В стены и в крышу снова ударился ветер, заухал, застонал. Издалека всхлипнул Янгар. Метель выла по-волчьи, накликая беду. И Мария вся сжалась, будто кто-то руками взял ее сердце. И чтоб избавиться от страха, снова начала рассказывать: как она укутала Вику во все теплое, что нашла в доме, привязала к запястью табличку с днем и местом рождения, сунула за пазуху метрики и фотографии и вышла на улицу.
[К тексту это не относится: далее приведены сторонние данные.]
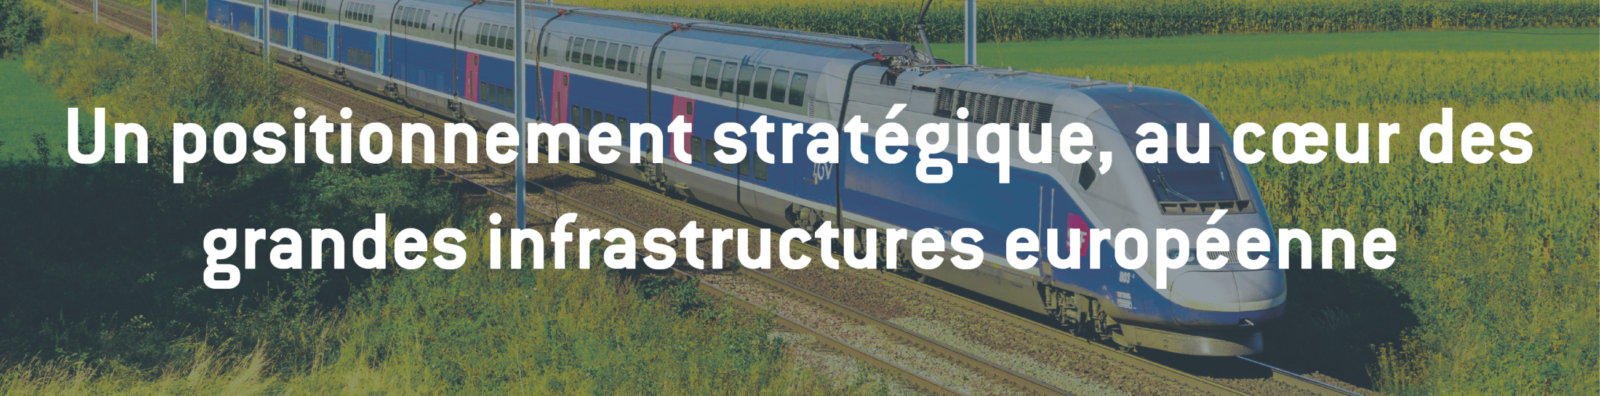 Un positionnement stratégique au cœur des infrastructures européennes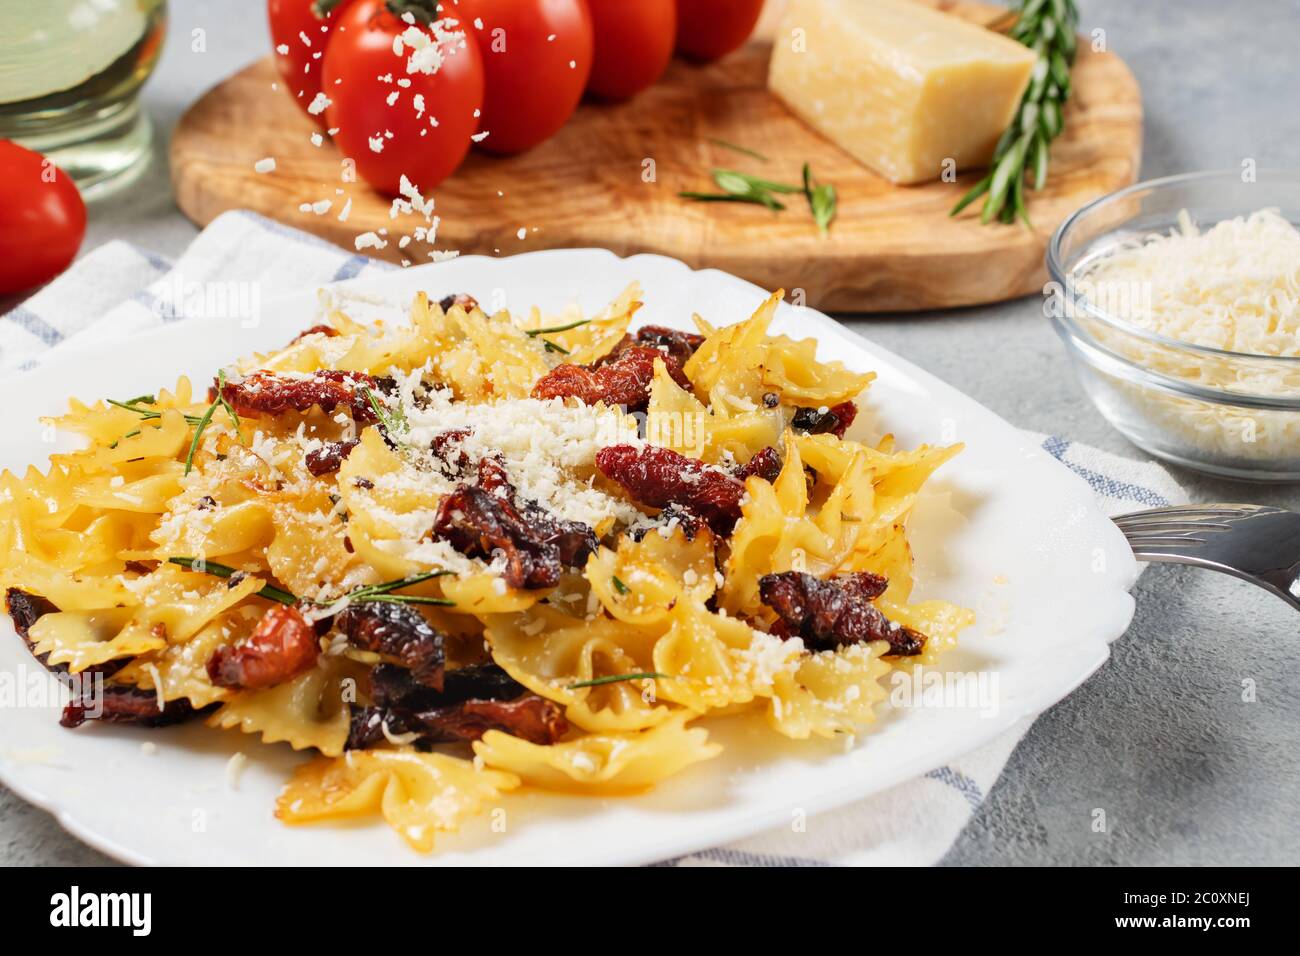 Saupoudrer les pâtes au parmesan avec des tomates séchées dans une assiette blanche sur la table. Cuisine italienne, ingrédients et plat fini. Banque D'Images

— Туман и холод дышать не дают, пулеметы сверху трещат — воздушный бой, что ли? От Пулкова пушки бьют. Мы попали в первую партию эвакуированных. Это был январь сорок второго года. Перевозили людей через Ладогу, по узкой Дороге жизни.
— А я где? — вдруг спросила Вика.
— Ты? Я к санкам тебя привязала. Ты спишь. А нам нужно было к Финляндскому вокзалу.
Бесприютно уснули, уткнувшись друг в друга, заснеженные трамваи. Кое-где блеснет из-под снега стекло или красный, когда-то веселый, бок, и снова снег… Опухшие ноги не слушаются, голова на грудь упала, едва-едва движутся тяжелые санки с дочерью. Обычные были санки, а казались огромными. Редко, когда санки натыкались на что-то, вырвется из отрешенности: жива ли Вика?
— А то остановлюсь, прижмусь к дереву или к стене дома. Хоть бы смерть пришла! Вздрогнут у Вики ресницы, очнусь — надо идти, спасти. А сама стою и никак не могу оторваться от опоры.
Мария гладит горячую щеку дочери.
— Качаюсь из стороны в сторону, еле бреду. Лишь трупы по стенкам… Много детских.
— Ненавижу, — шепот Дулмы сквозь сжатые зубы показался Марии сильнее крика. — Давно бы там была, не пустили… — Дулма резко выпрямилась, снова рванулась к двери.
— Куда? — испугалась Пагма, — Простудишься!
Мария бросилась за Дулмой.
Сквозь вой и плач метели услышала Мария тихий стон и различила наконец Дулму — Дулма умывалась снегом.
Бешено била по телу поземка, ветер рвал подол. Мария продрогла, застучали зубы.
— Пойдем в дом, — крикнула она и попятилась к двери.
Дулма, наклоняясь и распрямляясь, все бросала снег в свое разгоряченное лицо.
— Дальше что? — кинулся к Марии Агван, когда она вернулась.
Мария потянулась к огню, а согреться не могла.
— Дальше что? — В голосе Агвана звучала требовательность.
— Чайник вскипятить было очень трудно, огонь разжечь, съесть черствый кусок. Это была борьба. Пожалеешь себя — смерть.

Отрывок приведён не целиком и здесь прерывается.